Acho espetacular existir a liberdade de publicação sem ter a necessidade de ter um editor por trás ou ter de pagar para imprimir alguns exemplares, já que nem todos os autores conseguem fazer esse investimento. Para além de ser livre, é um suporte que consegue juntar formas de fazer BD que nunca seriam possíveis nos suportes analógicos, com animações e até som, roçando os limites do que pode ser considerado BD e animação (eu gosto dessas misturas). Sobre recomendações de webcomics, gostaria de ter algo concreto a apontar, não estou a seguir nenhuma em especial, contudo, posso dizer que tenho gostado bastante de acompanhar as BDs que a Joana Mosi vai publicando no Patreon, ou mesmo o webcomic que o André Pereira tem publicado no instagram todos os domingos.
Que bedês andas a ler agora e que autores segues com mais atenção?
Neste momento estou a portar-me mal nesse campo, tenho daqui a nada uma estante de livros à espera de serem lidos e não consigo arranjar paz de espírito/tempo para os ler. Talvez seja mais fácil falar dos autores que estou a seguir e tenho livros à minha espera, destacando o Jordi Lafebre, Bertrand Gatignol, Núria Tamarit, Zao Dao, Jillian Tamaki, Tillie Walden.
O que achas da evolução que a banda desenhada portuguesa teve nos últimos anos e, na tua perspetiva de profissional na área, o que é que se pode fazer melhor? Na perspetiva de professora como é que estamos em termos de ‘fornadas’ de futuros banda desenhistas?

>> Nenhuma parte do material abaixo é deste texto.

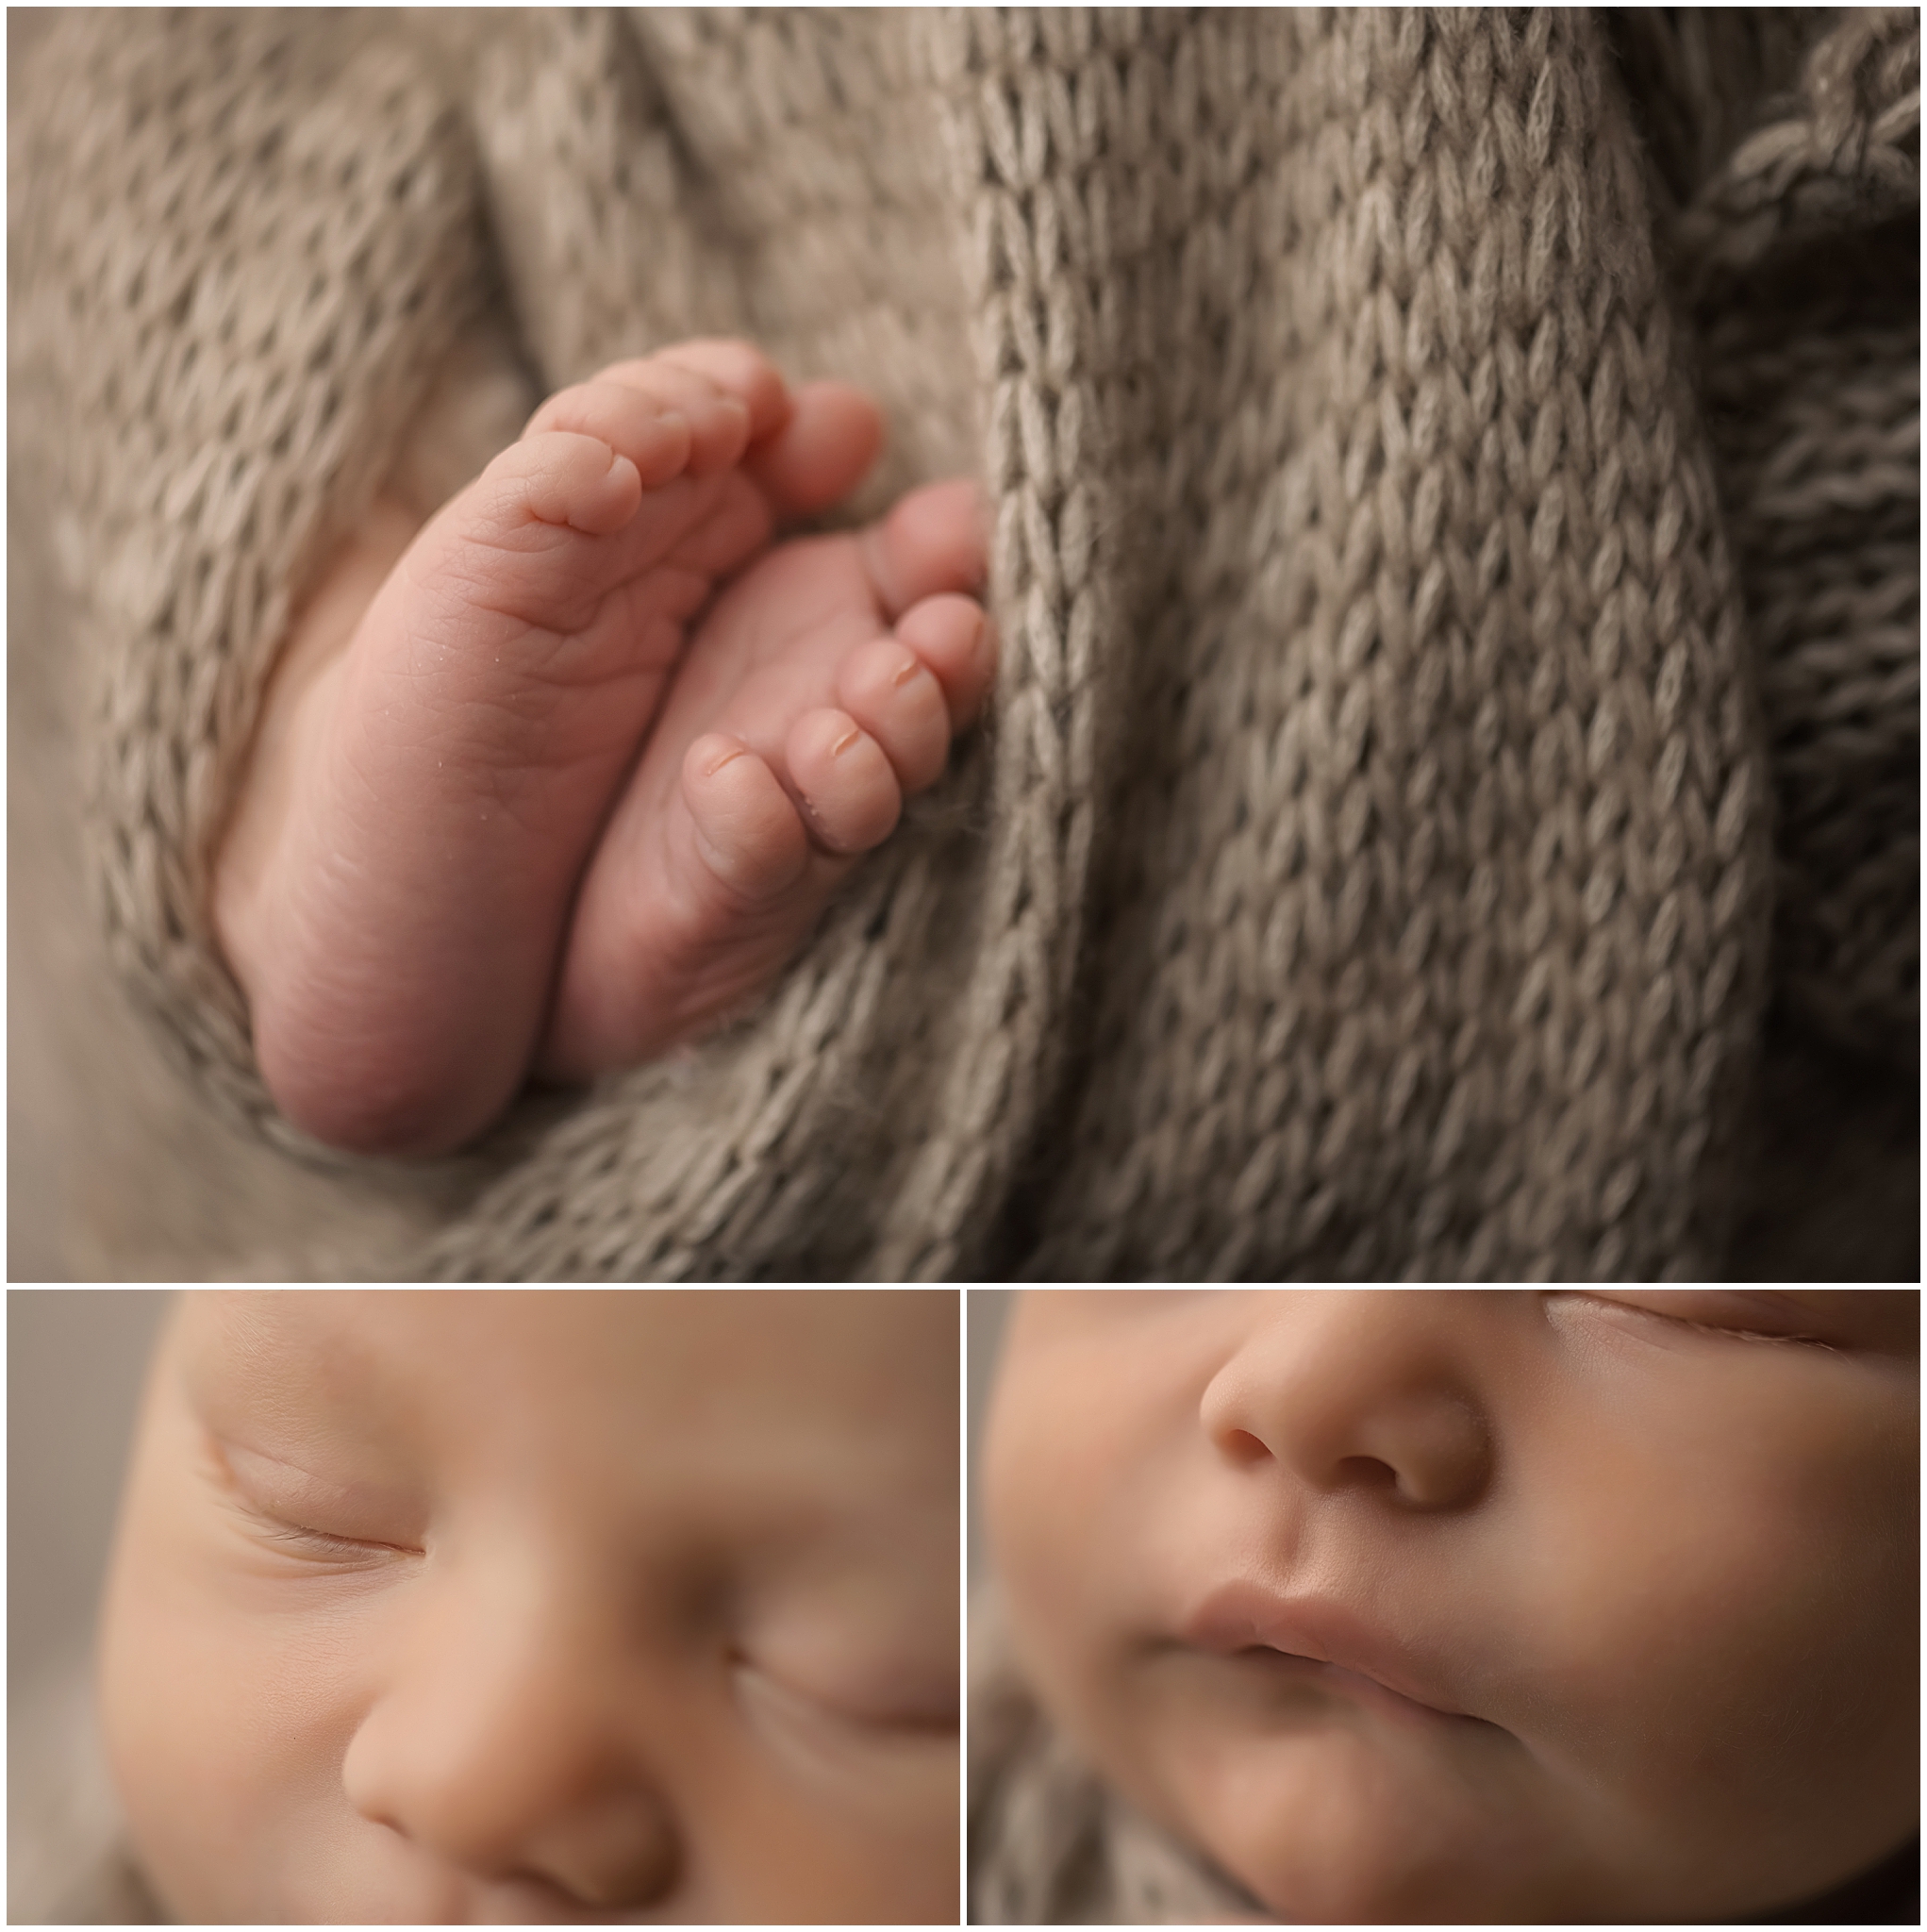 details of baby's face and toes

Infelizmente as minhas perspectivas sobre a BD como “profissão” não são as melhores e não estou a ver de que forma é que o cenário possa mudar. Os anos passam e é impossível considerar viver da BD em Portugal, passando ainda pelo amor à camisola e sacrifício. O que não são boas notícias para os futuros banda desenhistas, o que é pena, pois vejo muito boas e quentes fornadas a sair.
Fazes parte do coletivo The Lisbon Studio. Que importância teve e tem tido esta coletividade na tua vida pessoal e profissional?
Neste momento já não faço parte do The Lisbon Studio, mas foi uma parte muito importante na minha vida, pessoal e profissional. Estive ao pé de grandes artistas, aprendi com eles e deram-me grandes oportunidades e também amizades. Terá sempre um lugar especial em mim.
Podemos contar com um pós-doc num futuro próximo associado a um projeto de BD? Que projetos de banda desenhada andas a desenvolver neste momento?
Não estou a pensar em pós-docs. Neste momento estou a fazer o Bestiário de Isa para, esperemos, ver a luz do dia este ano.